━━━ DATA EXTRACT ━━━

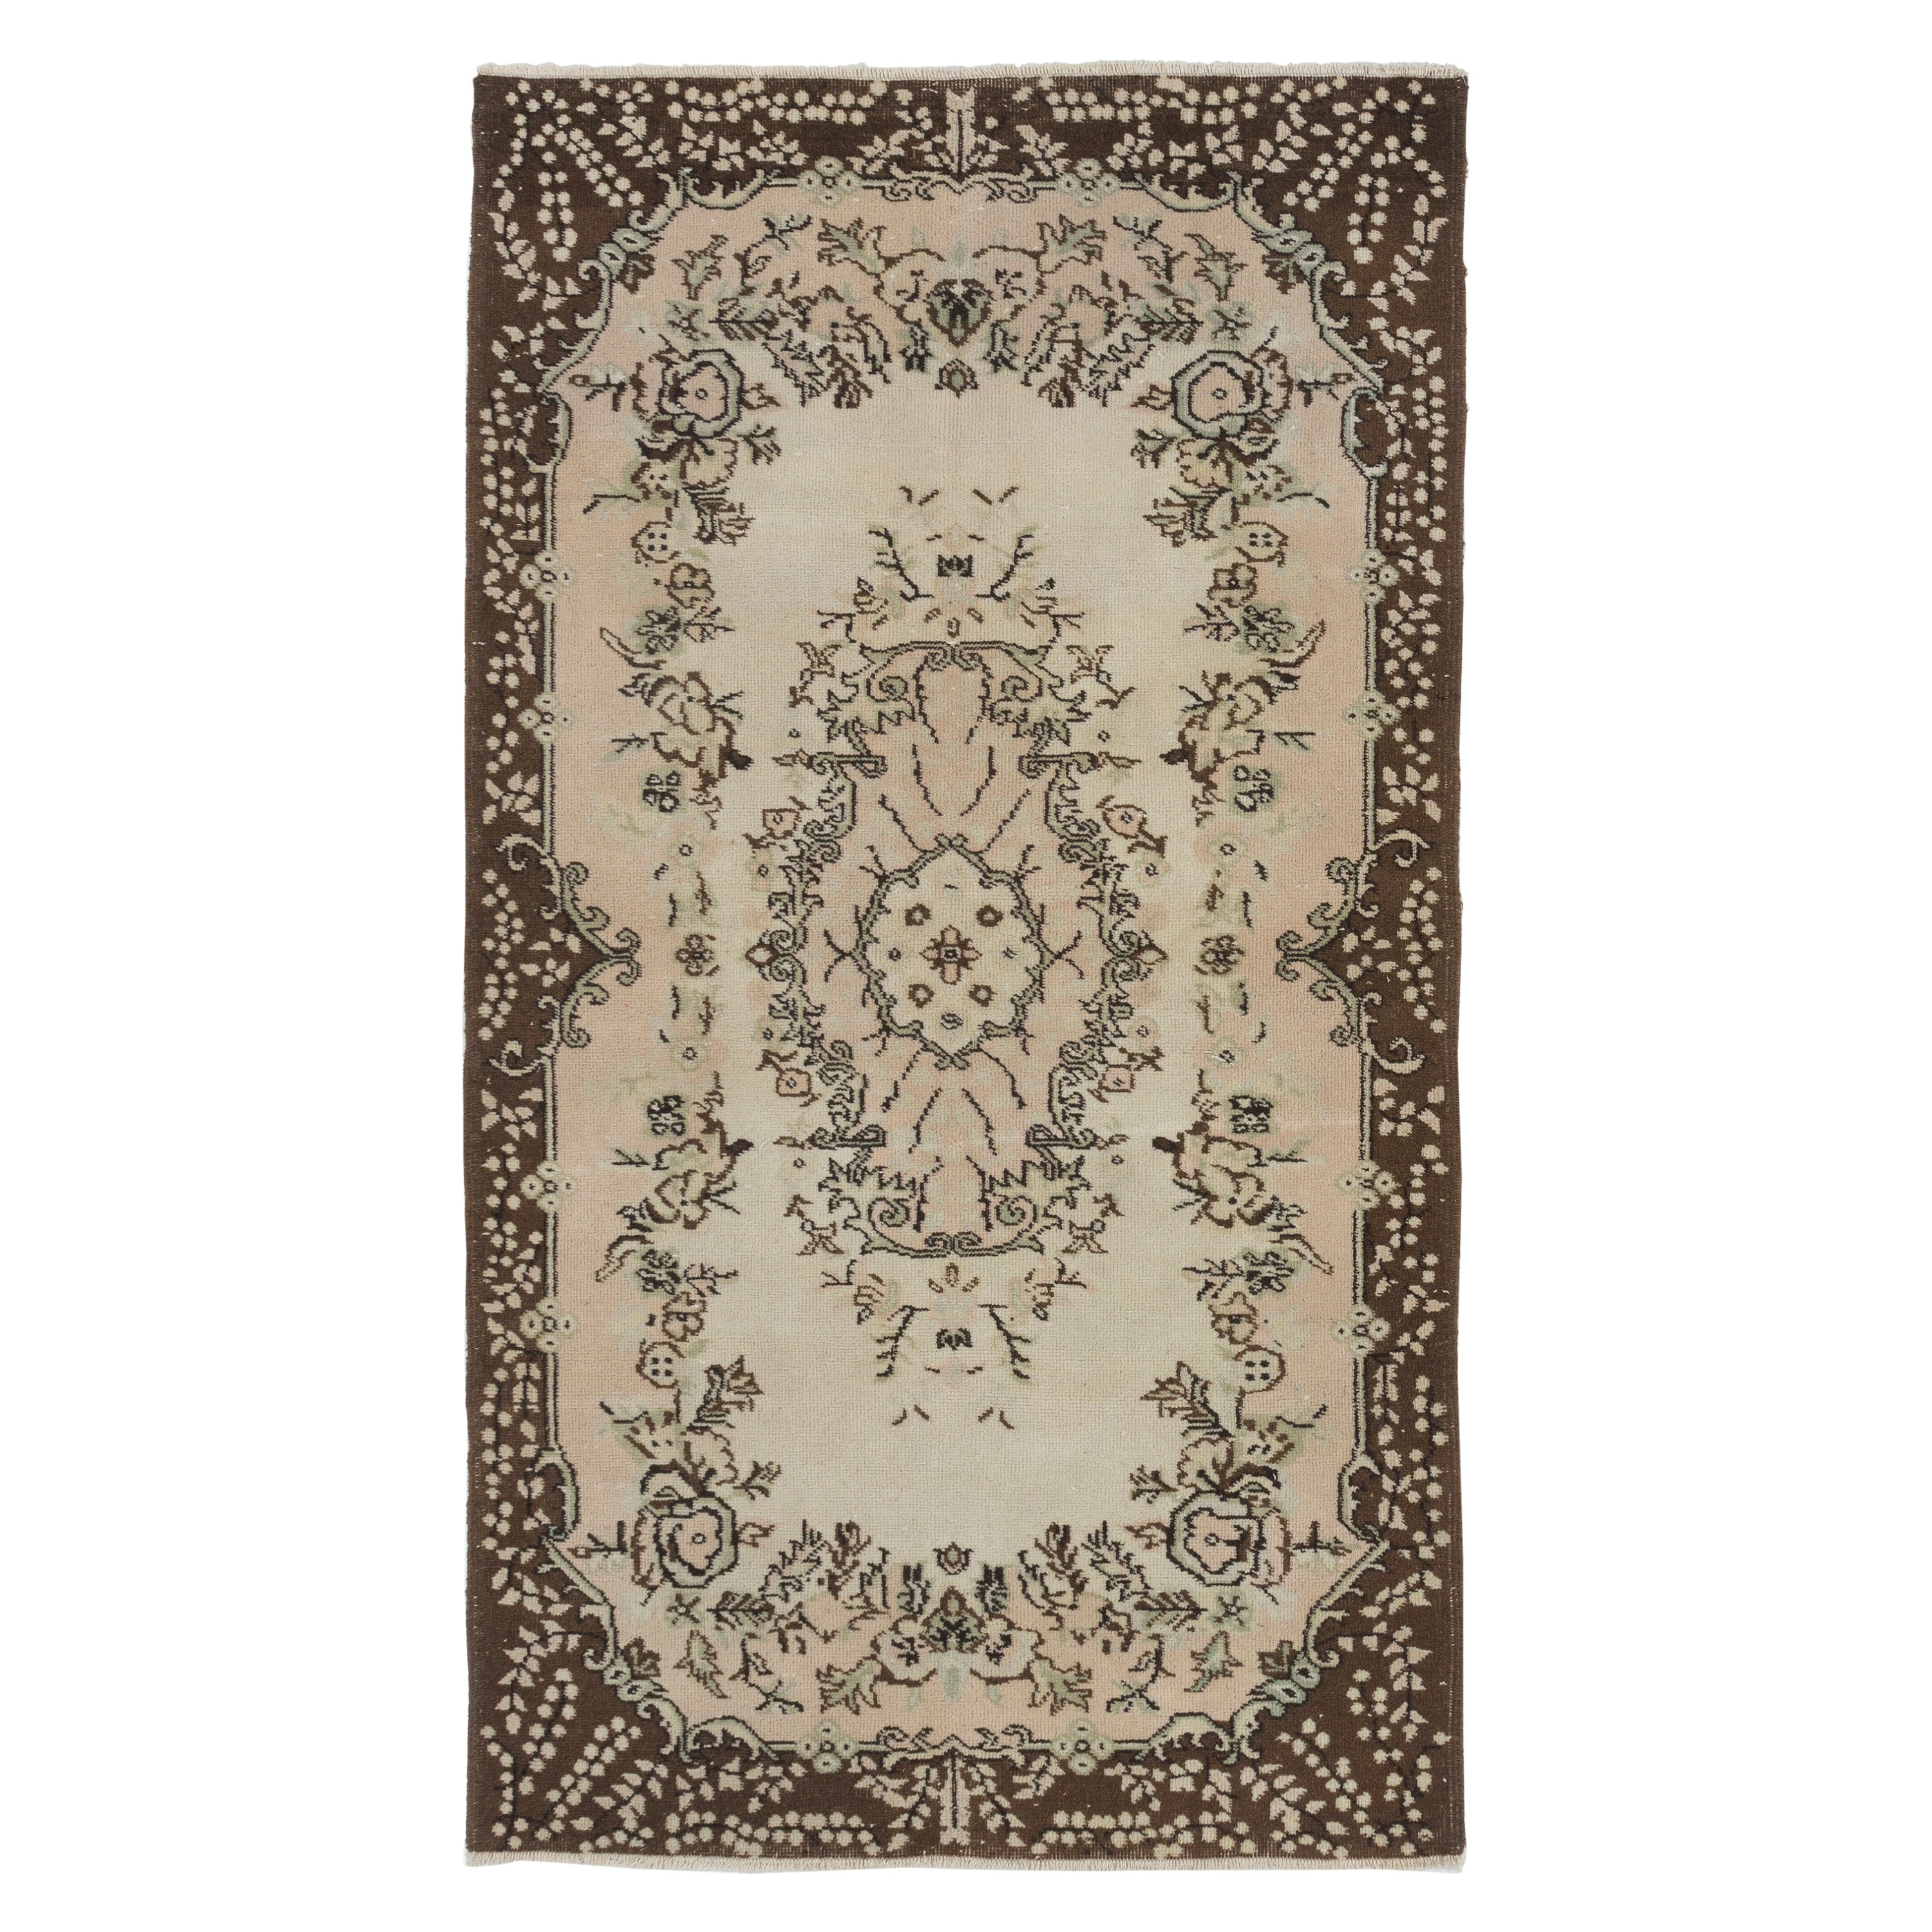 4x7 Ft Hand-Knotted Vintage Floral Garden Design Anatolian Accent Rug. ca 1960 For Sale
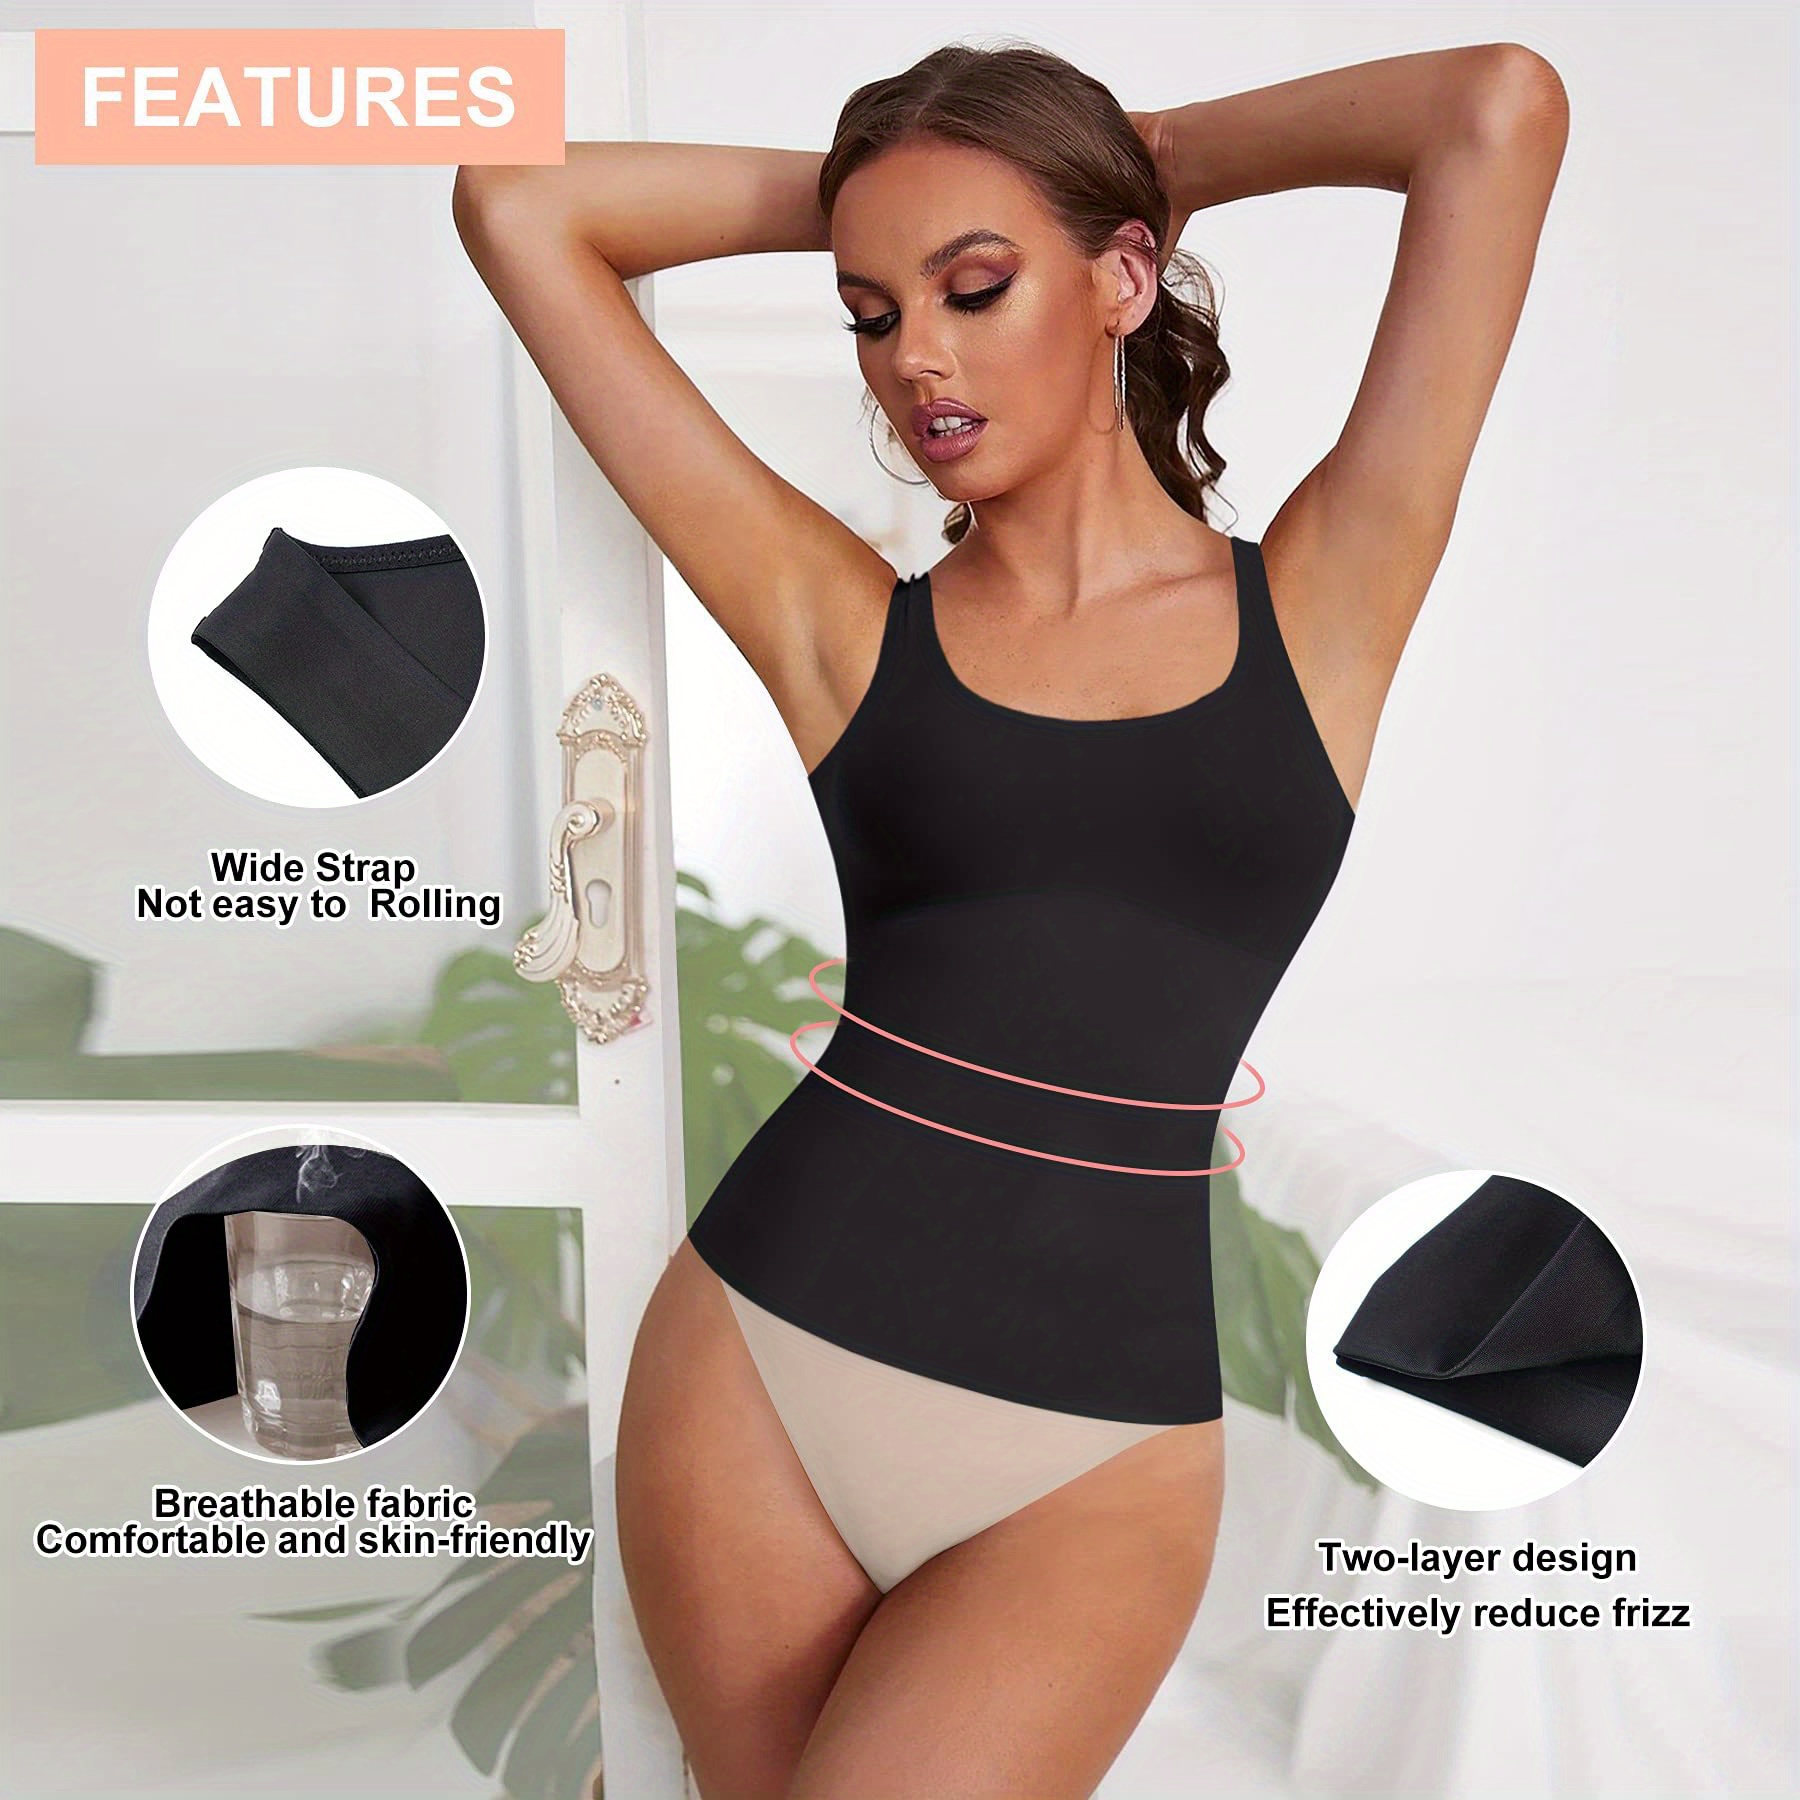 Seamless Waist Tummy Control Shapewear Top For Women Nude Black Camisole  With Compression Vest For Slimming Belly And Toning Summer Shapewear Tank  Top 230729 From Dang09, $7.44
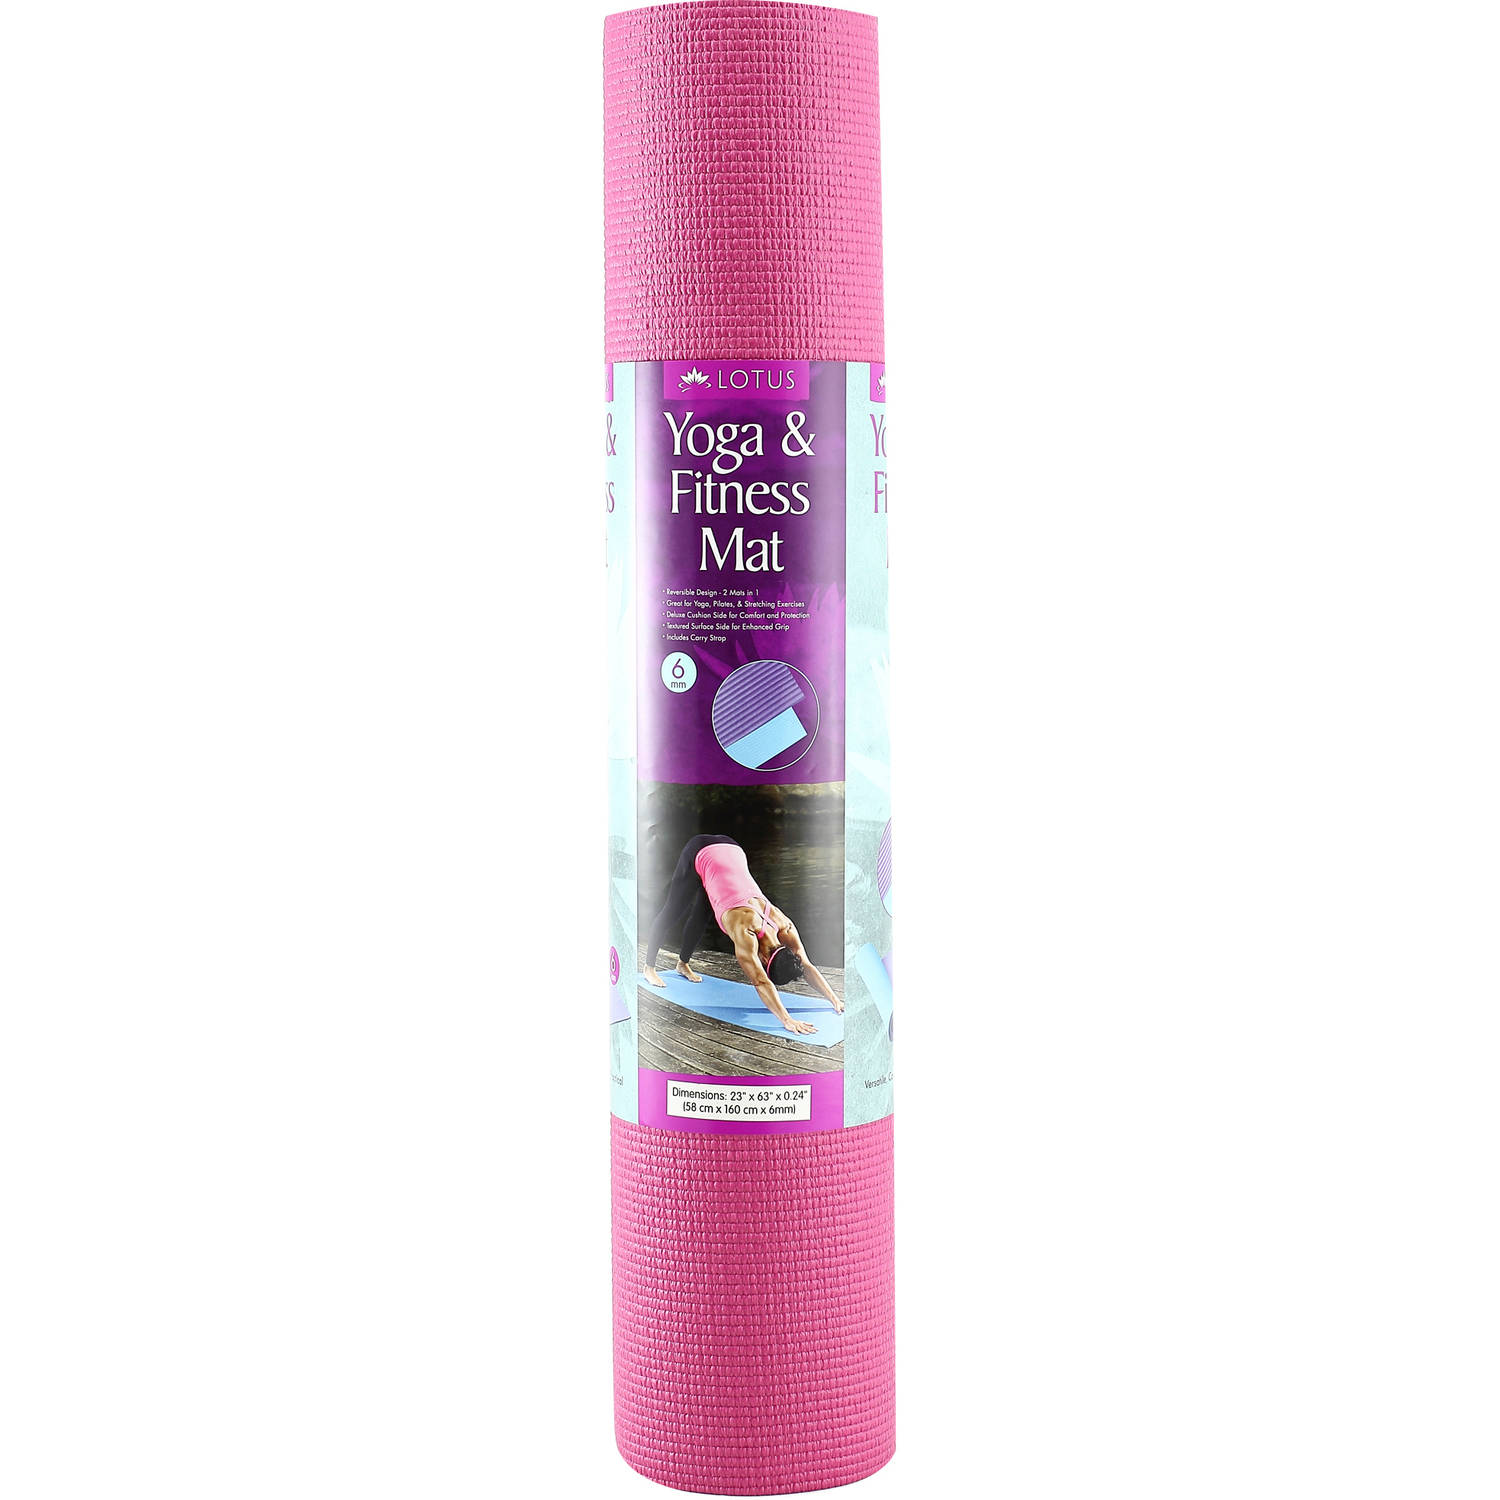 Lotus Yoga And Fitness Mat - image 1 of 3

━━━

• **TASK DESCRIPTION**:
From the listing, extract all text exactly as given and drop any picture.

• **SOLUTION TO THIS PROBLEM**:
 4x7 Ft Hand-Knotted Vintage Floral Garden Design Anatolian Accent Rug. ca 1960 For Sale
 Seamless Waist Tummy Control Shapewear Top For Women Nude Black Camisole  With Compression Vest For Slimming Belly And Toning Summer Shapewear Tank  Top 230729 From Dang09, $7.44
 Lotus Yoga And Fitness Mat - image 1 of 3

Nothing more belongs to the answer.